Curtailing production levels may be one way of lending support to prices. In fact, the truant monsoon is being viewed as a blessing in disguise for the industry. The all-India production in the January-June 2002 period dropped about 4.5 per cent to 285 million kg over the same period last year. However, prices have not perked up in tandem. Rather, the all-India average selling price dropped about 20 per cent (at Rs 51.52 a kg) against the levels in the same period in 2001. Understandable, as there is usually a lag before prices begin to correct. But, in the end, even if prices recover on the back of production cuts, the industry will lose out as the net value of tea produced will fall.
Exports down to a trickle
For a country that prides itself on being the largest producer of tea, it comes as a surprise that exports are much lower than that of other countries. Exports between January-June 2002 were a mere 74 million kg (down 3 per cent over the same period in 2001). Exports by Kenya and Sri Lanka, on the other hand, were much higher at about 120 million kg each. In particular, India has lost share in the British and Russian markets (the latter tumbled over 8 percent in 2001 as quality and prices turned buyers away).
Another problem is that India is a CTC consumption country while the world prefers the orthodox variety. Small plantation growers are more comfortable producing the CTC types, as domestic consumption is certain even if price realisations are lower. Growers are simply not competitive on the export front and Sri Lanka, Kenya, Malawi, and Indonesia are able to beat them in the orthodox segment.
Cannibalisation in beverages
There is also a feeling that soft-drink majors and other beverage companies have drawn away tea-drinkers. The youth, for example, are seen as grabbing a bottle of soda rather than a cup of tea. However, the industry is largely to blame for this. It remained complacent even as colas and sodas took over the market, and even traditional beverages like coffee were promoted into a fashionable drink.
Dogged by problems
* The higher age of tea plants in India vis-à-vis those in the new tea-producing countries has affected the quality and yield.
* The quality of tea produced in India for the export market is lower than those offered by other countries.
* The Darjeeling variety has not been patented and protected enough that markets abroad are often flooded with quantities far exceeding the actual production.
Government support
Realising the gravity of the situation, the Government has begun to be supportive of the tea industry. India is the largest producer of tea (at 854 million kg in 2001) after China. But much of this is consumed domestically (660 million kg in 2001). Only a small proportion is exported (about 180 million kg in 2001). Given the size and the employment potential, the government's moves are not surprising.

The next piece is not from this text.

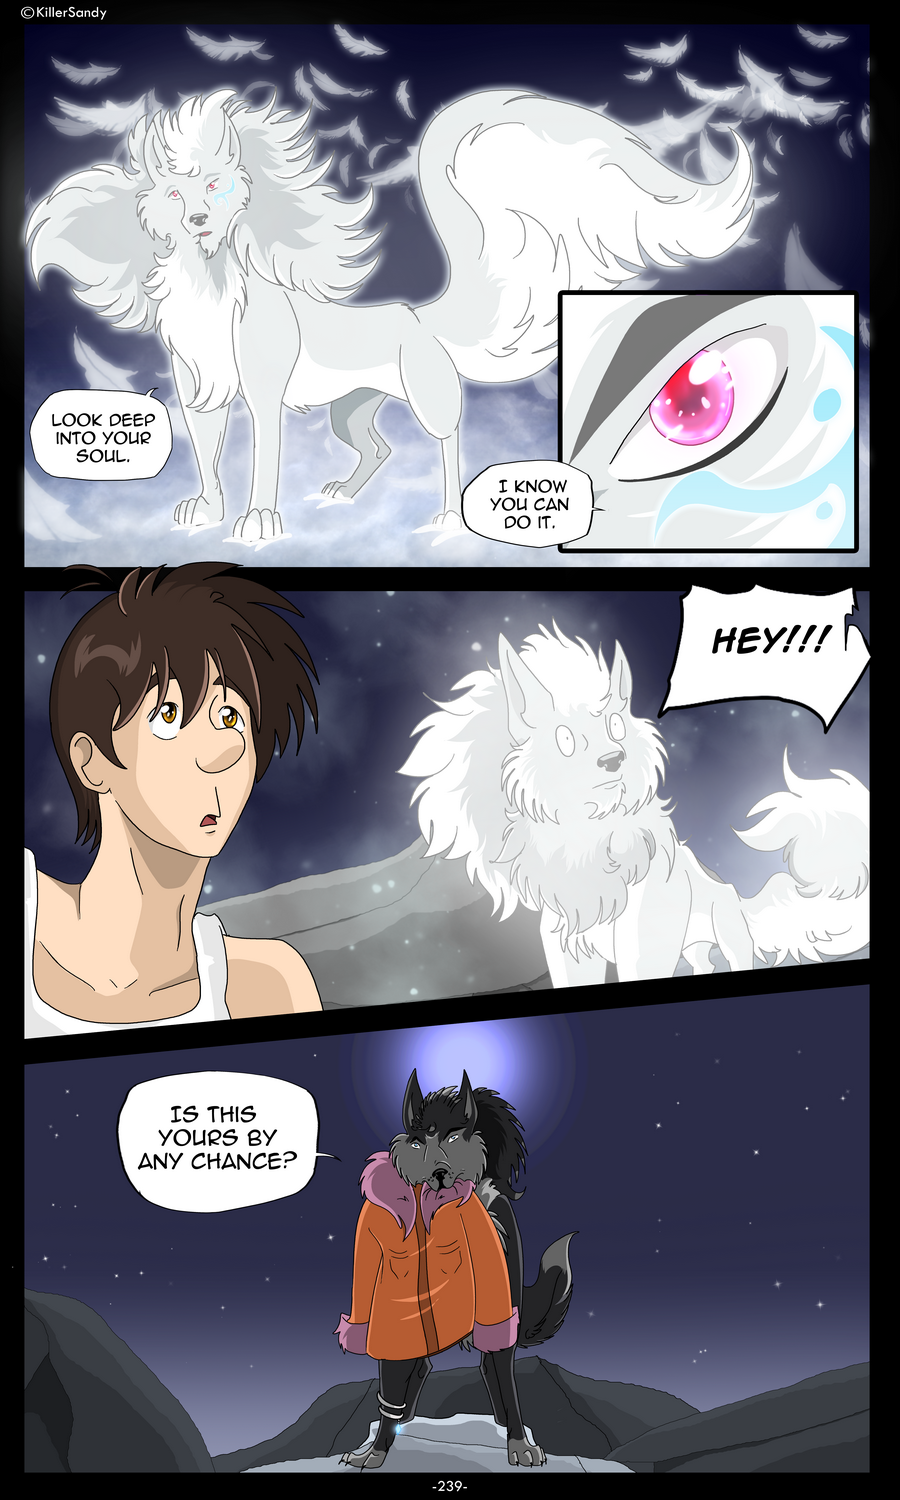 The Prince of the Moonlight Stone page 239
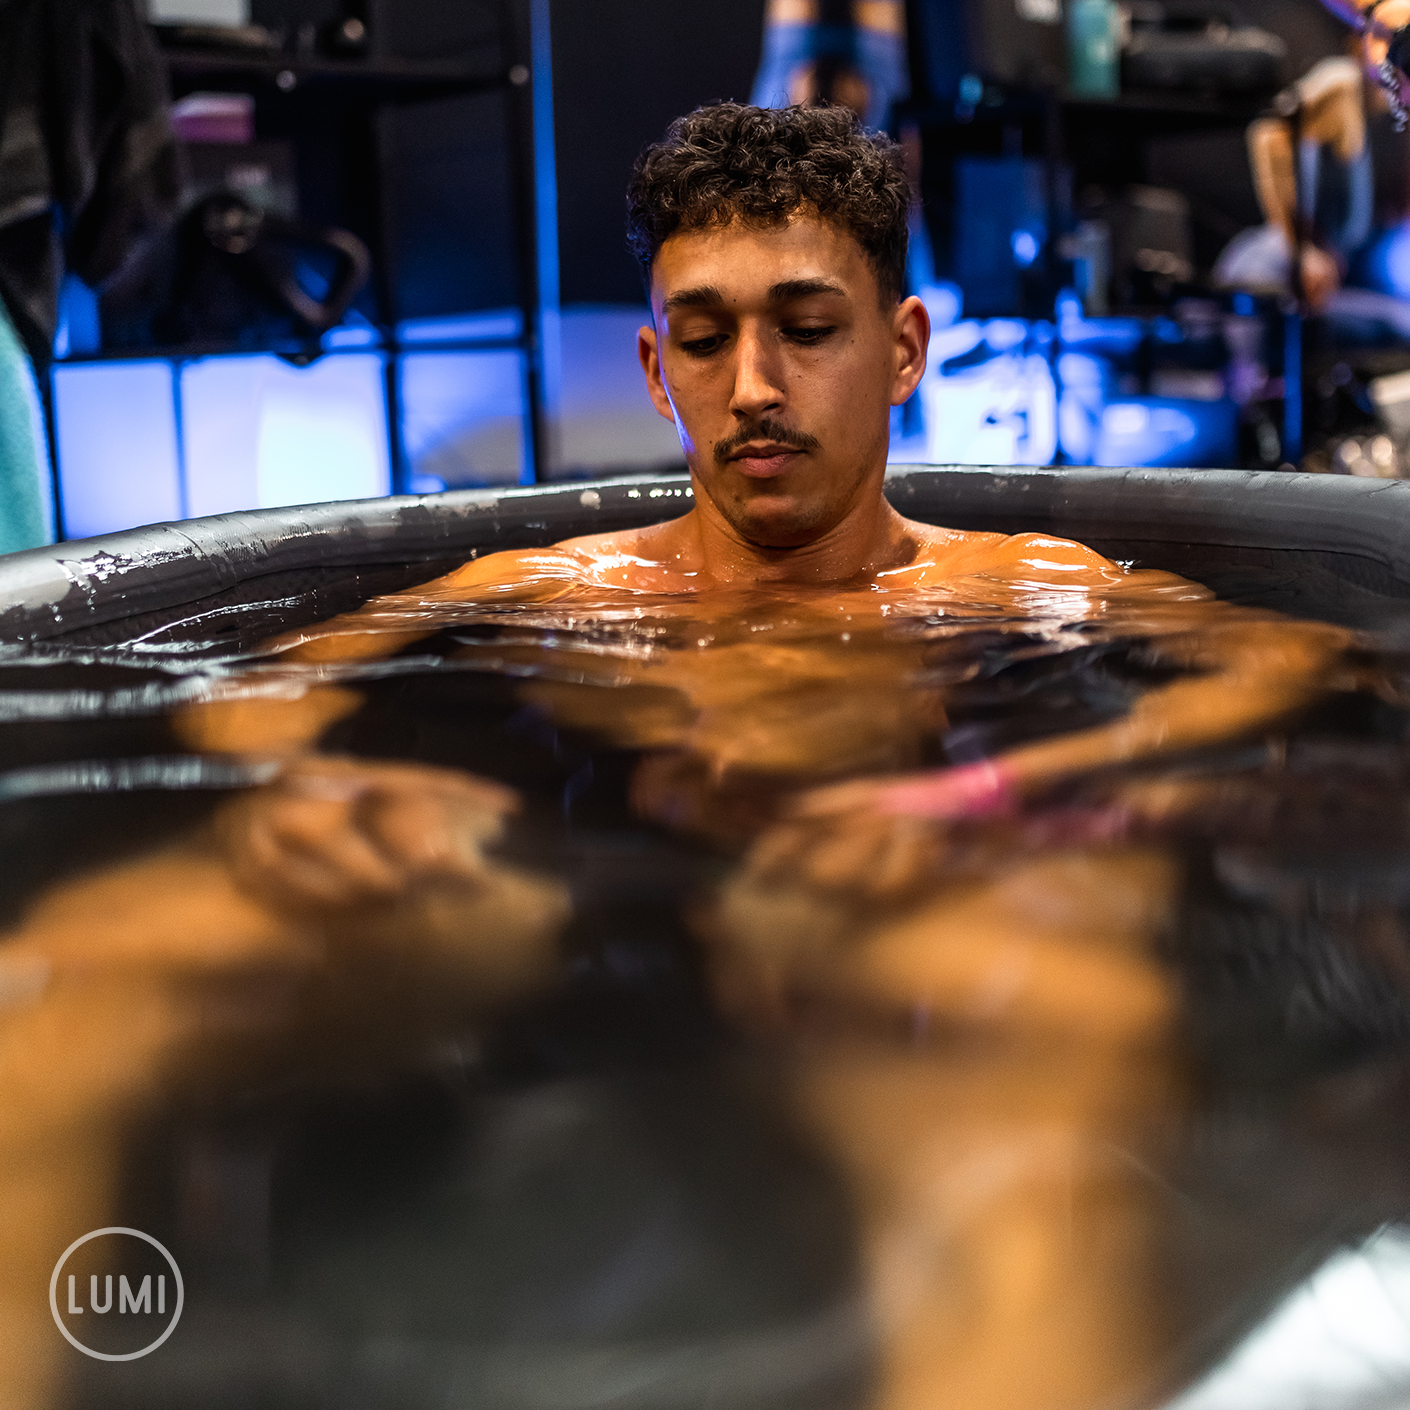 Does cold water help muscle recovery?

To make prices more competitive and to pep up domestic sales, the 2002 Budget cut the excise duty from Rs 2 a kg to Re 1. The industry is expected to gain about Rs 86 crore by this. Further, to guard the home turf from cheaper imports, the import duty was raised from 70 per cent to 100 per cent; imports have come down marginally from last year. Curiously however, the drop has been more in value terms (36 per cent, or Rs 11.4 crore, in January-April 2002 over the same period last year) than in volumes (13 per cent or 5,93,000 kg). This suggests that high-value teas, like orthodox varieties, are being imported less.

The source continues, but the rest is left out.